*Work task:* One exact copy of the listing, minus the images, is the required answer.

*Information provided:*

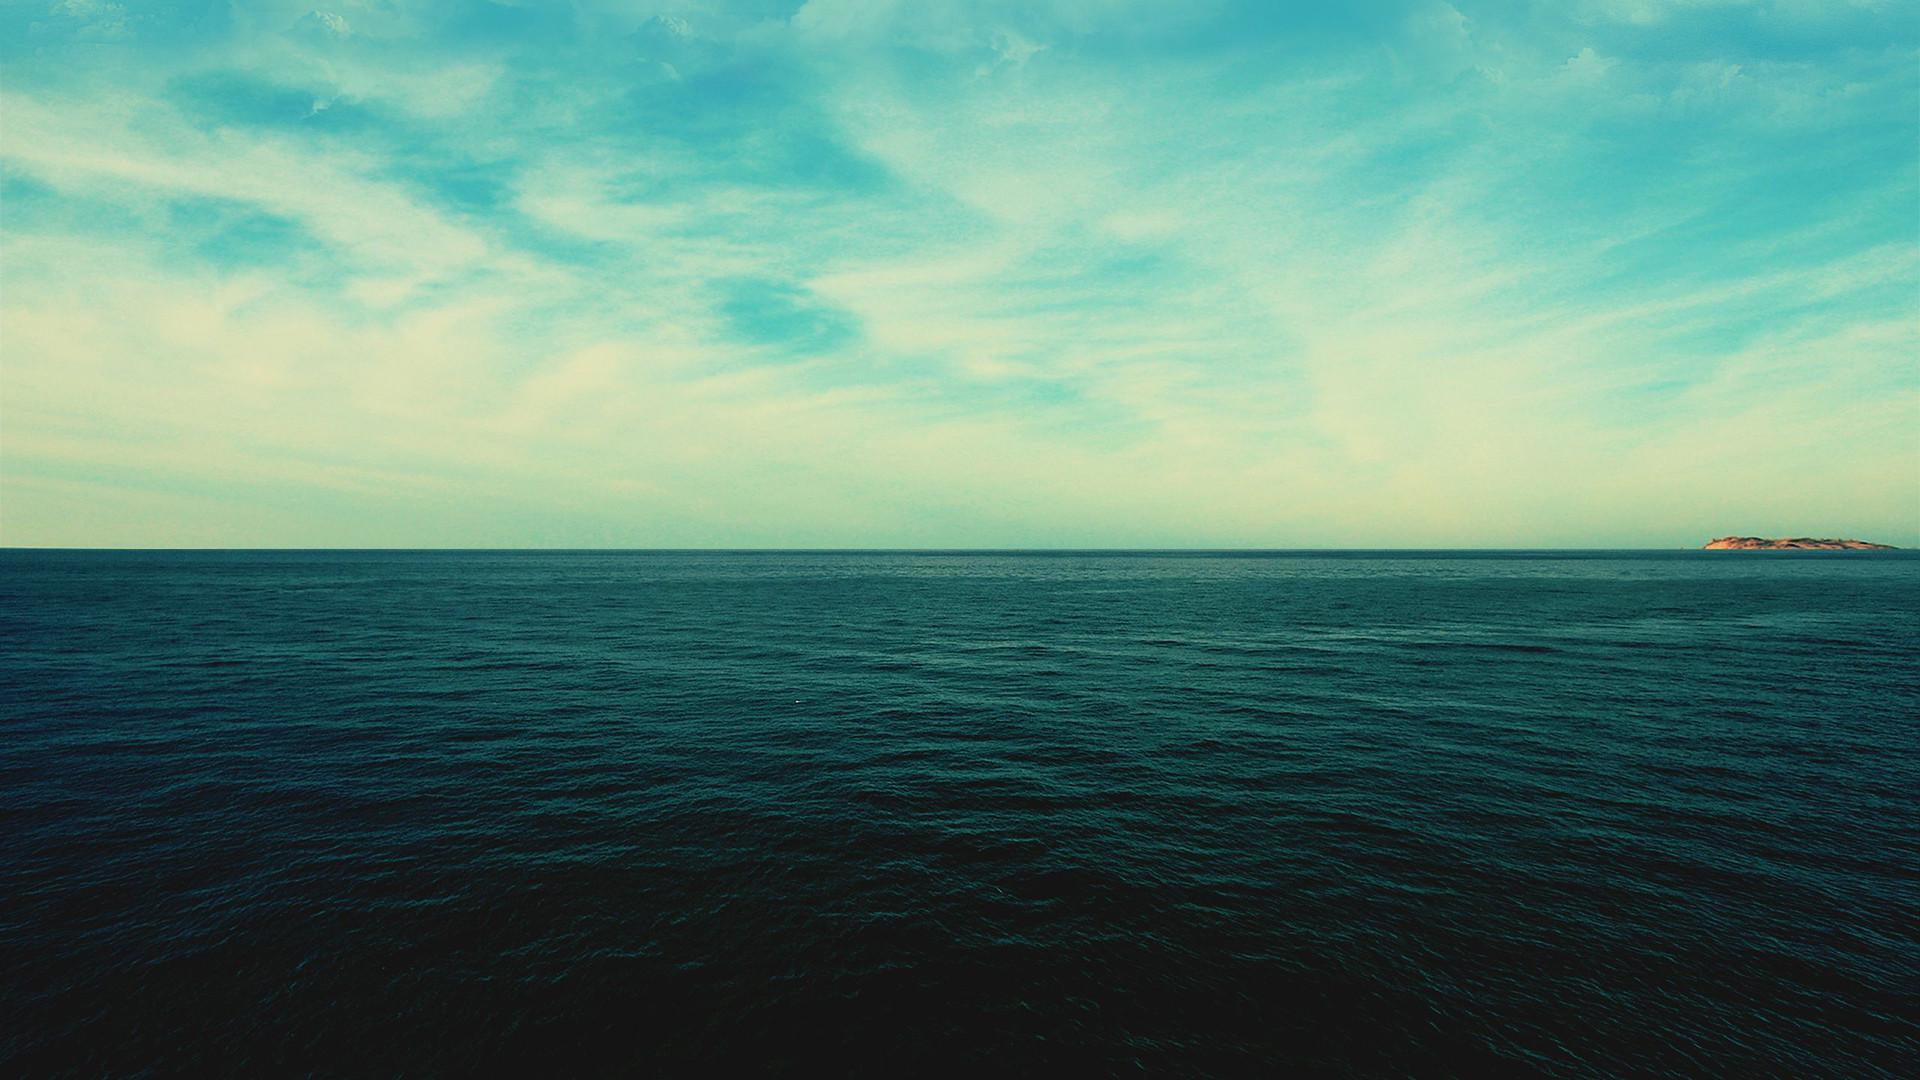 open sea wallpaper background, wallpapers
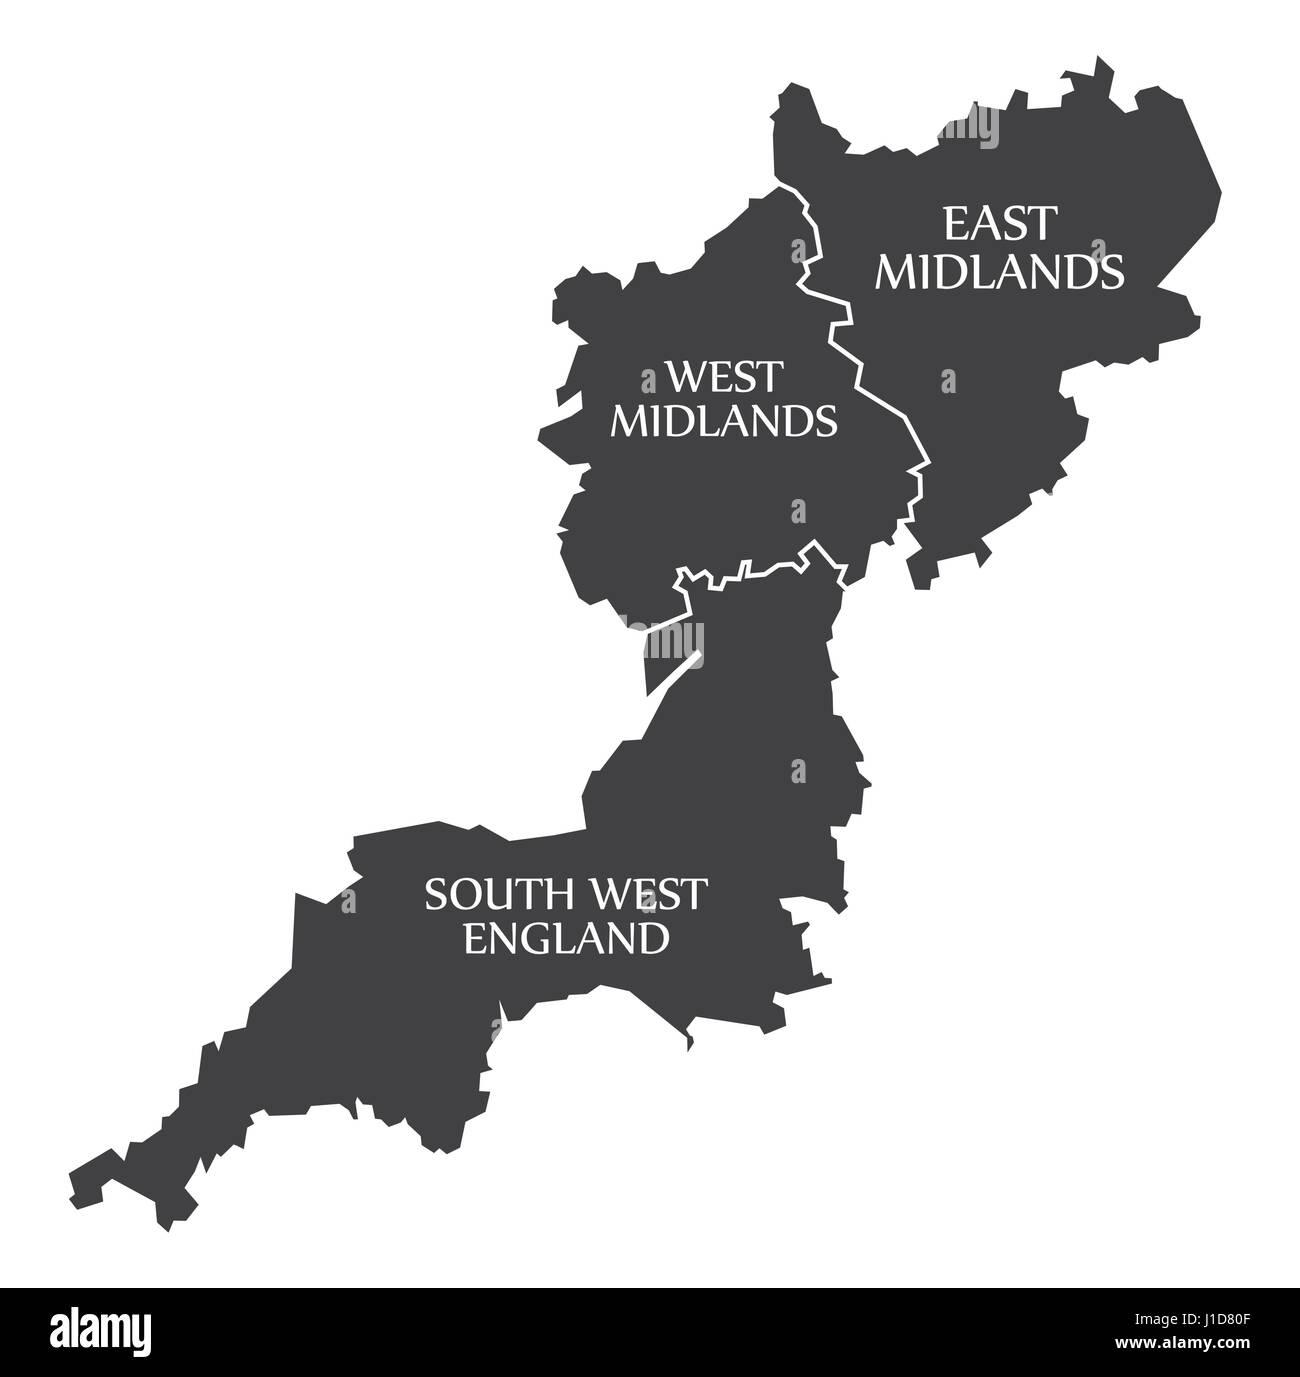 South West England  West Midlands  East Midlands Map UK Stock
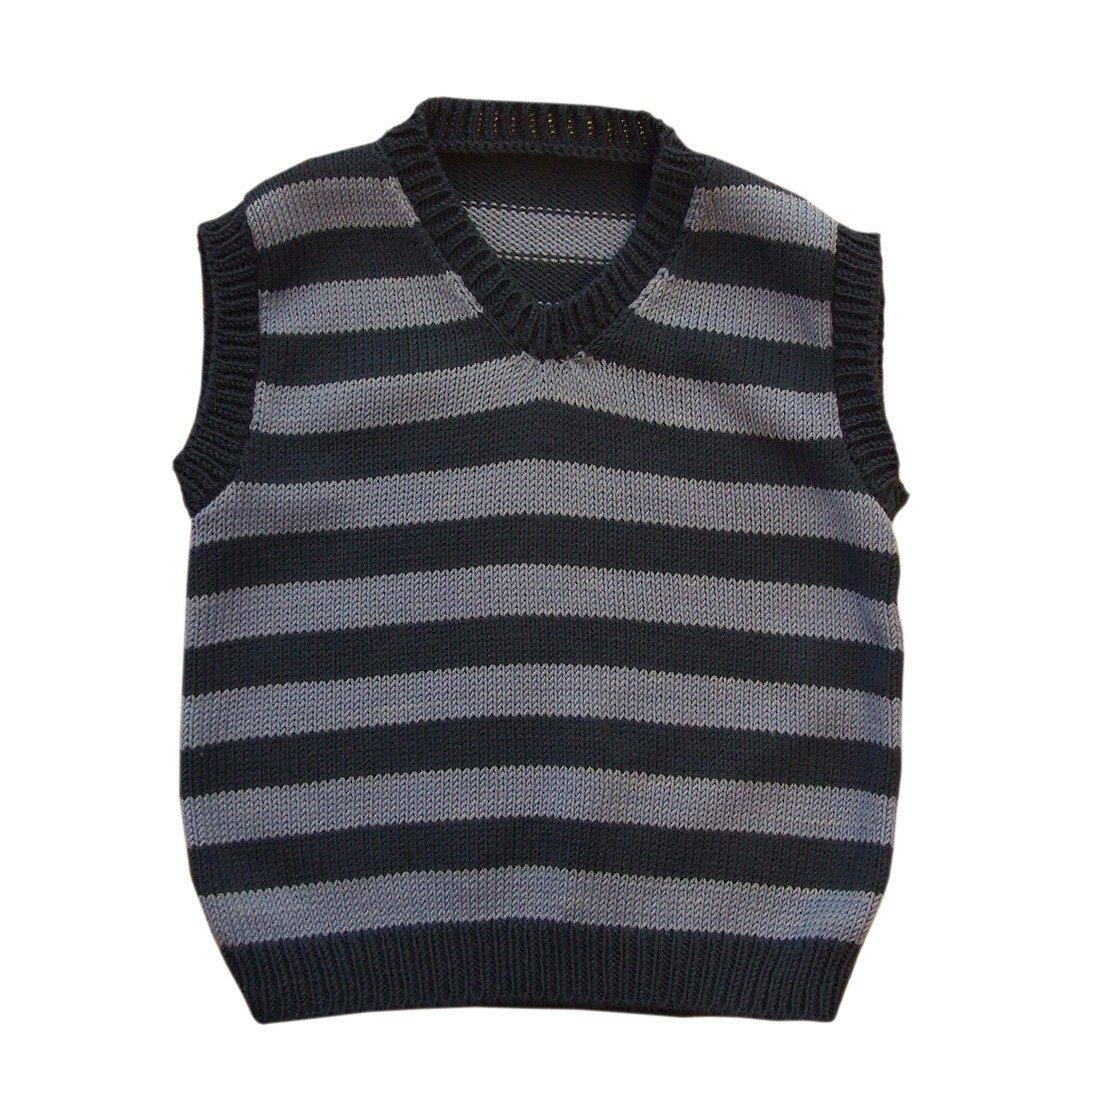 tevirp Girl's Striped Vest 2-3 Years Dark Blue/Sky Blue
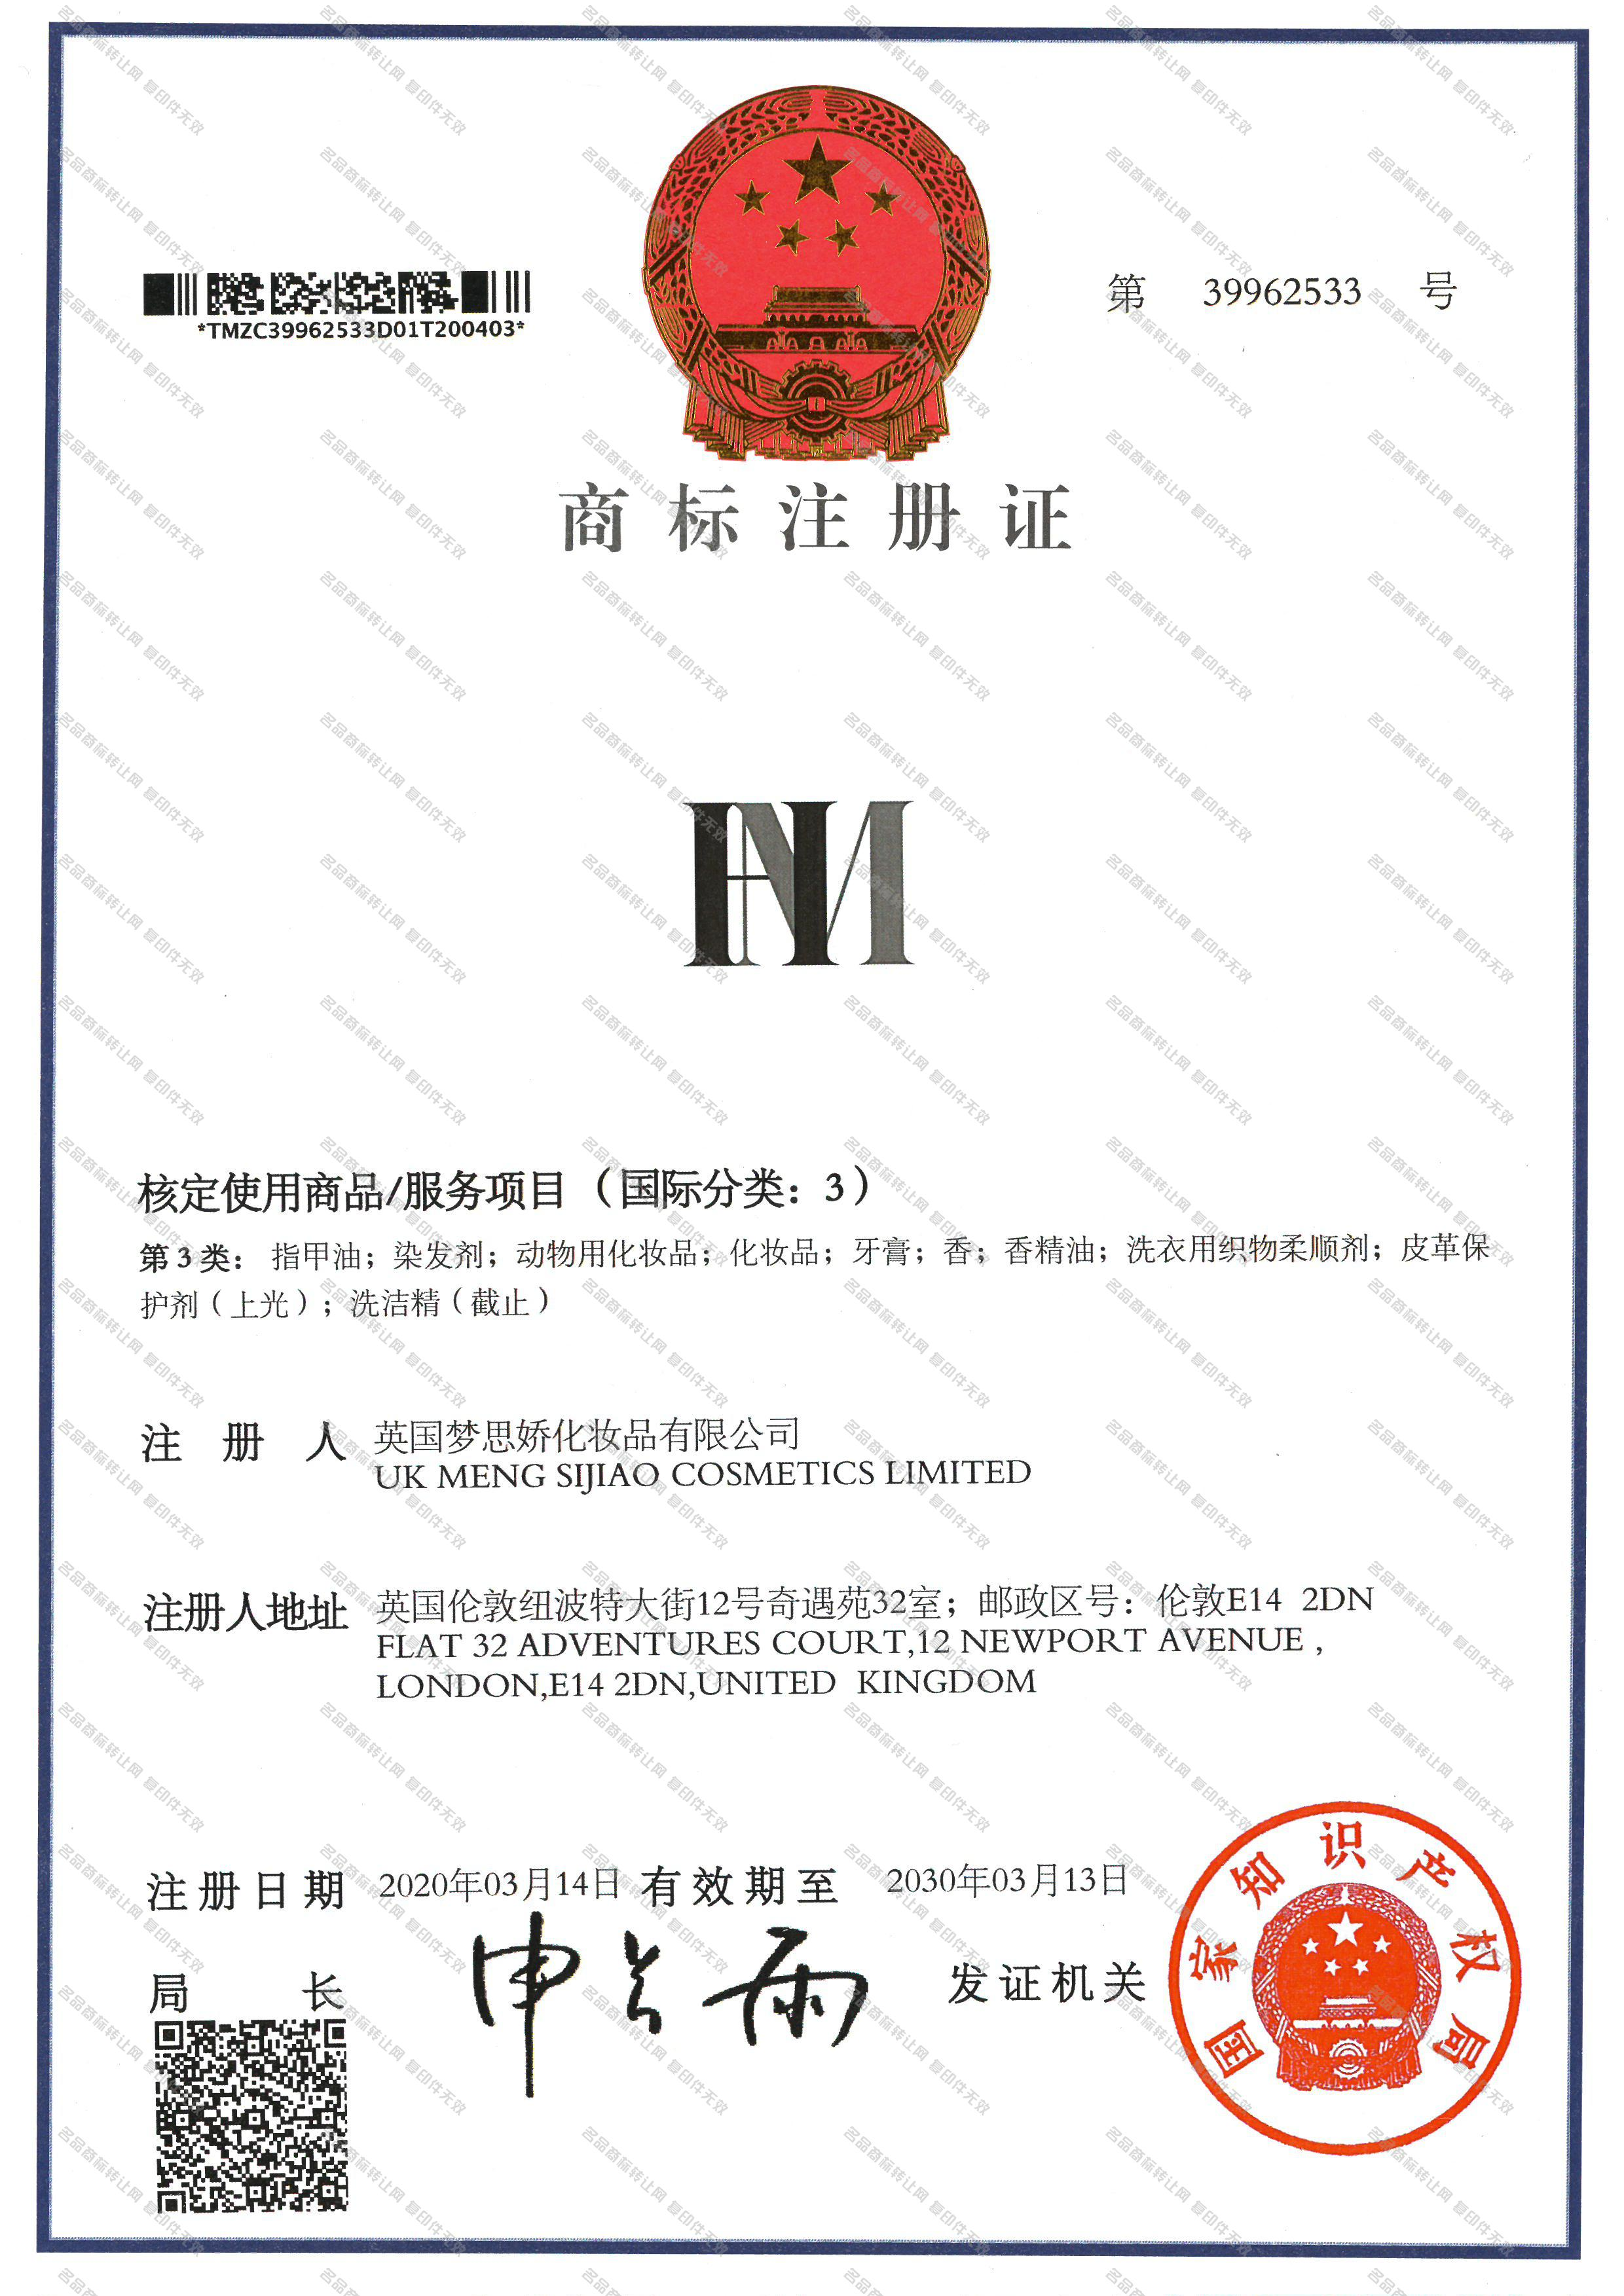 HM注册证

*Task solution:*
 open sea wallpaper background, wallpapers
 South West England  West Midlands  East Midlands Map UK Stock
 tevirp Girl's Striped Vest 2-3 Years Dark Blue/Sky Blue
 HM注册证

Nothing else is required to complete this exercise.